To do: Take the lines in the listing below from the line with "Poachie Range, Arizona" up to and including the line with "THE SECRET TO IMPROVING YOUR FINANCES" and set them down exactly, skipping pictures and adding nothing.

Raw data:
*** Begin section ***
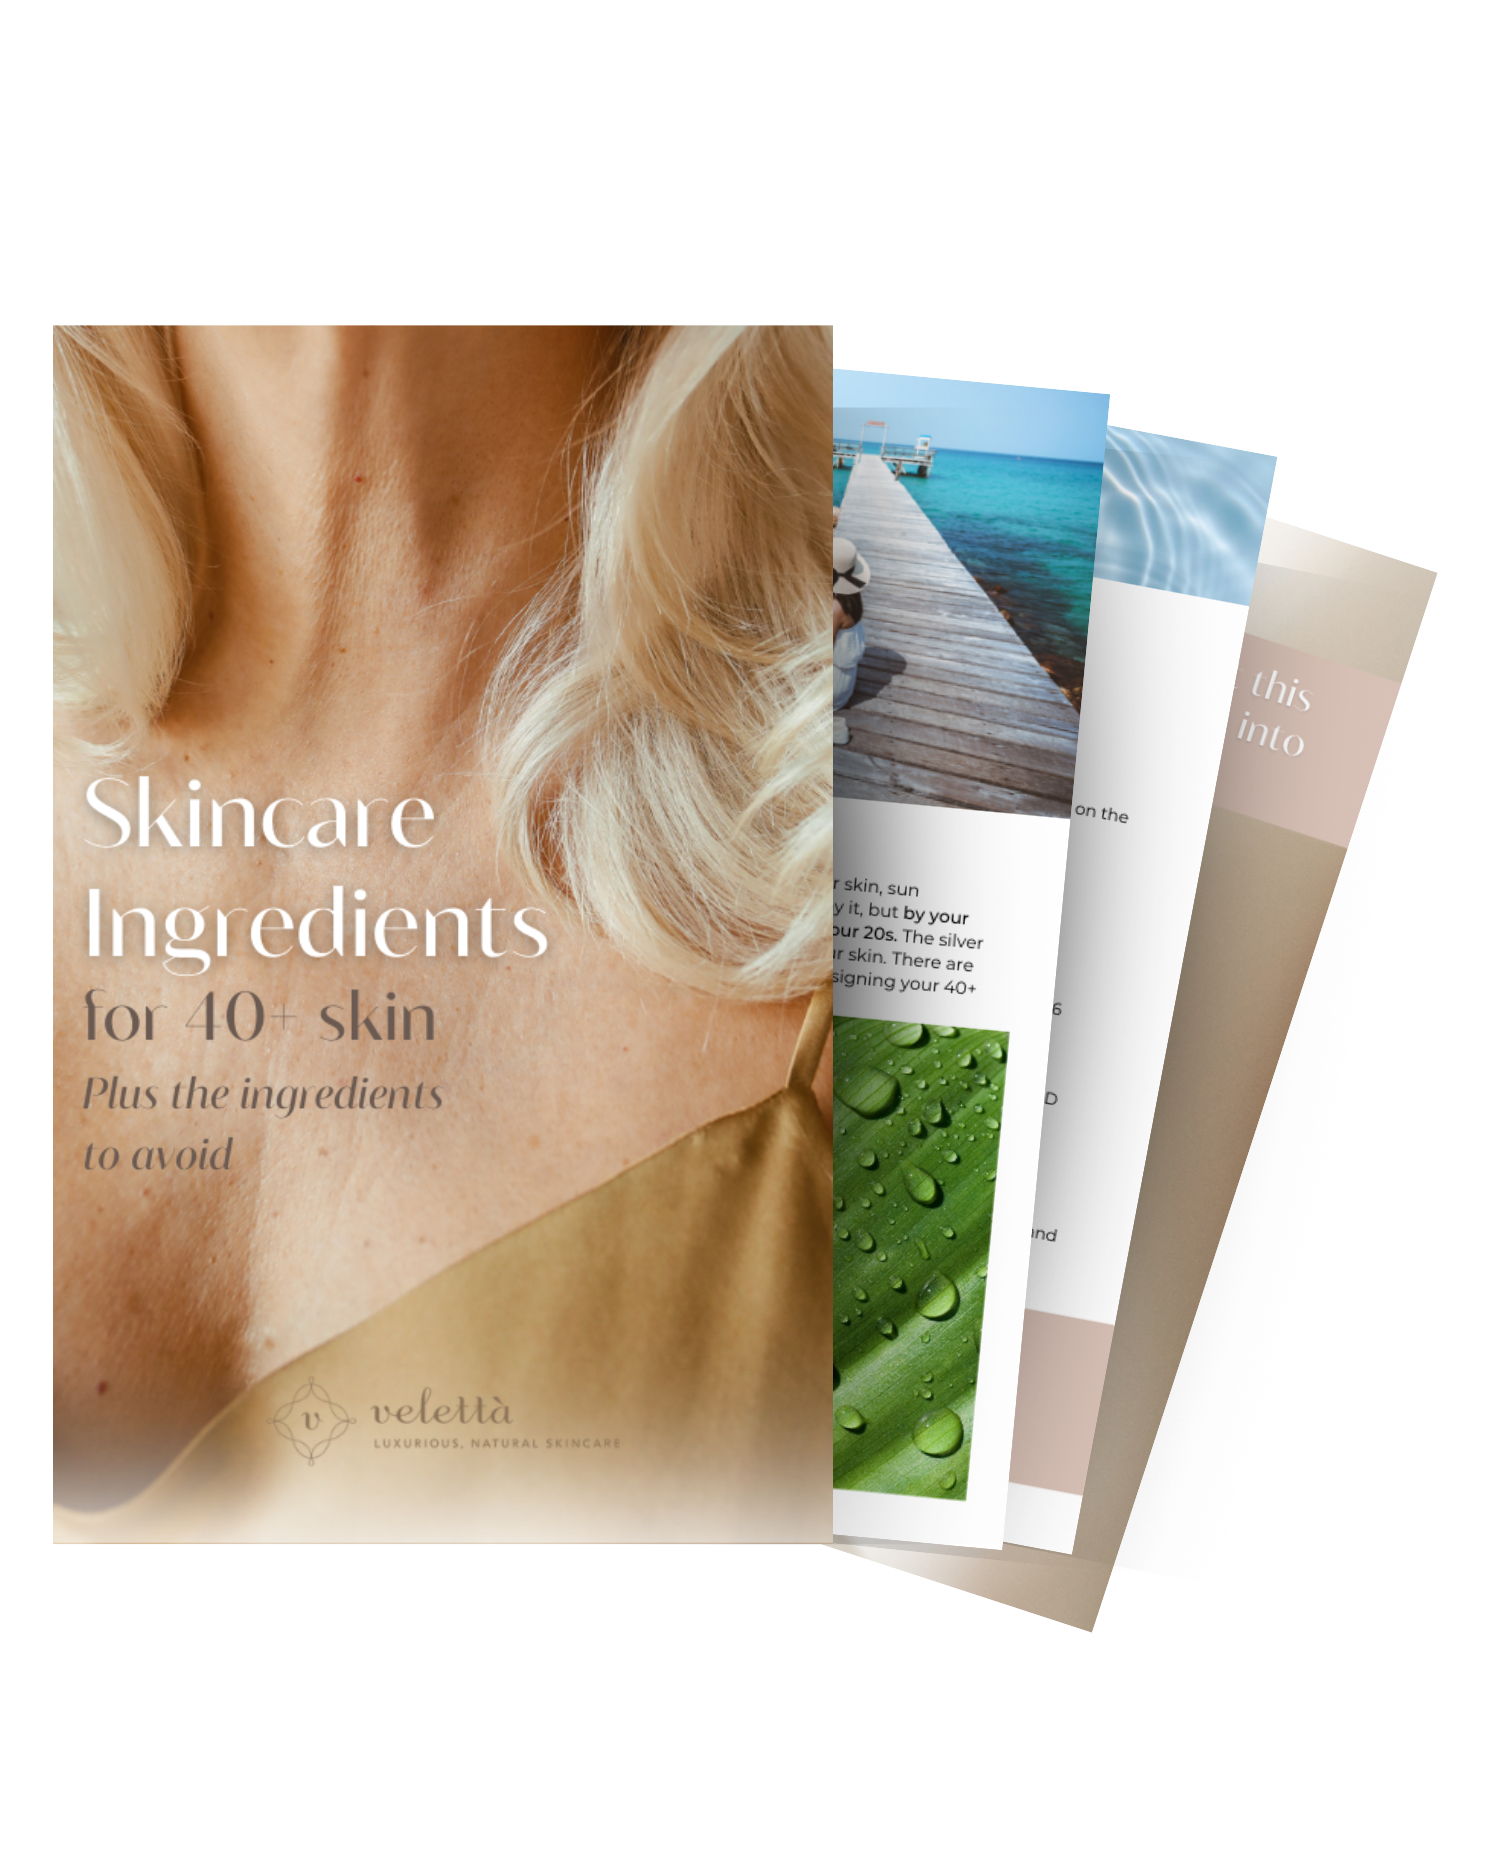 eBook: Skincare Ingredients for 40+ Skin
*** End section ***
*** Begin section ***
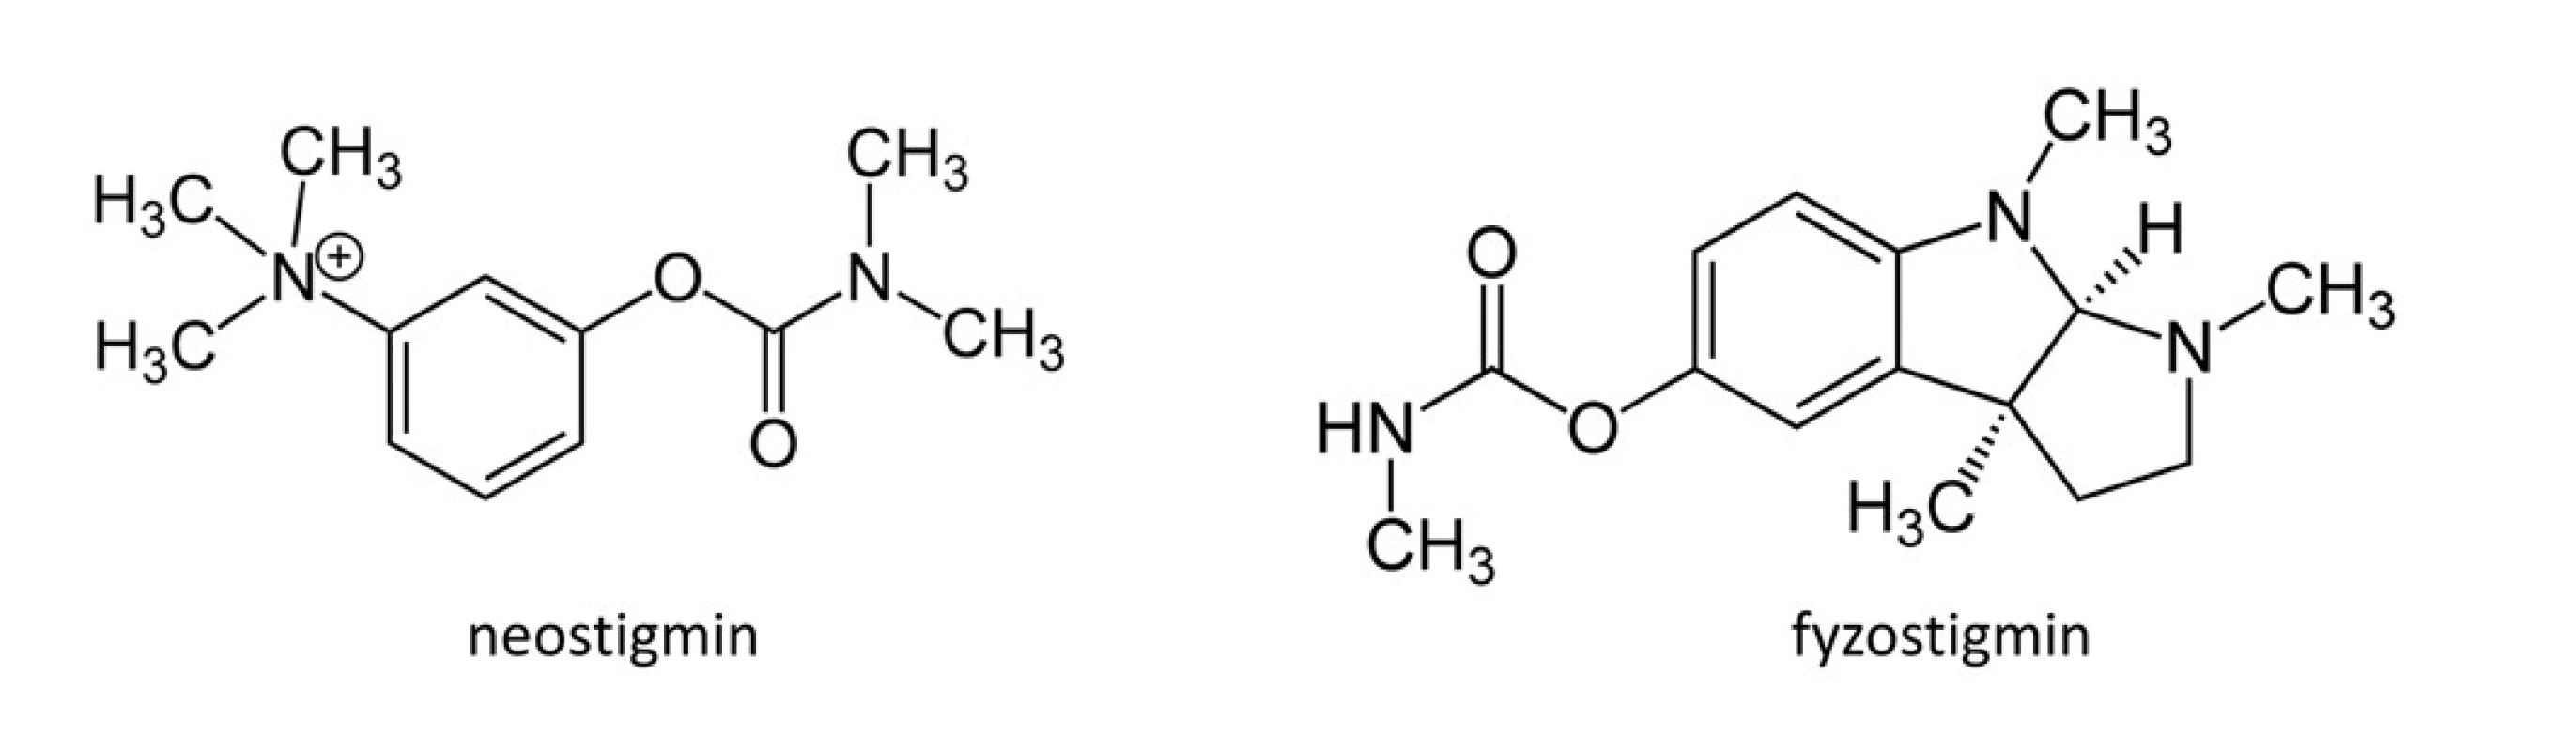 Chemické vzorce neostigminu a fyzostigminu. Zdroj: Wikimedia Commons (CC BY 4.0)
*** End section ***
*** Begin section ***
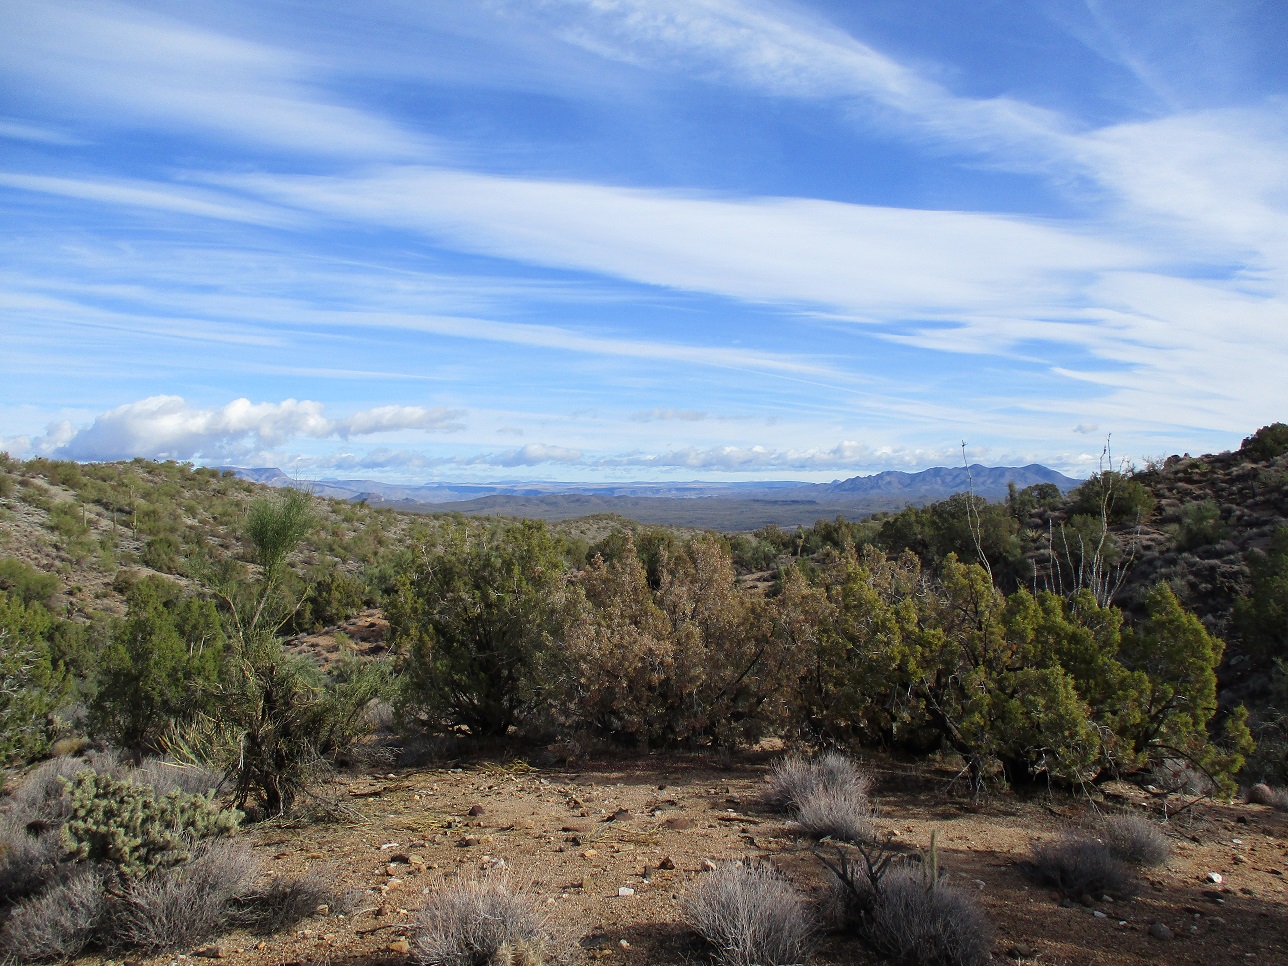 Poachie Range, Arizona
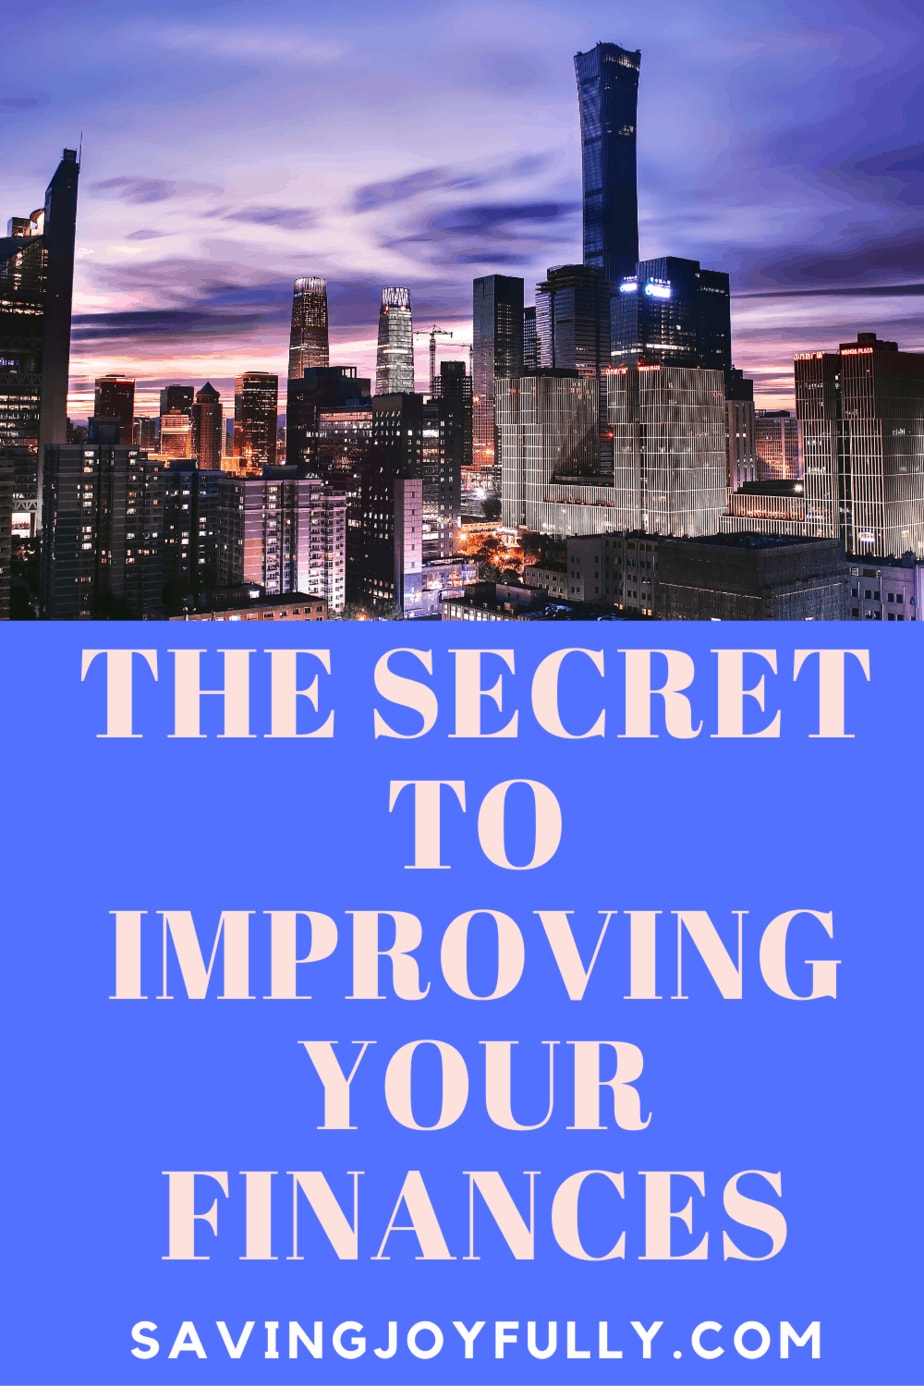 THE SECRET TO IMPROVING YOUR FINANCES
*** End section ***
Answer to the exercise:
 Poachie Range, Arizona
 THE SECRET TO IMPROVING YOUR FINANCES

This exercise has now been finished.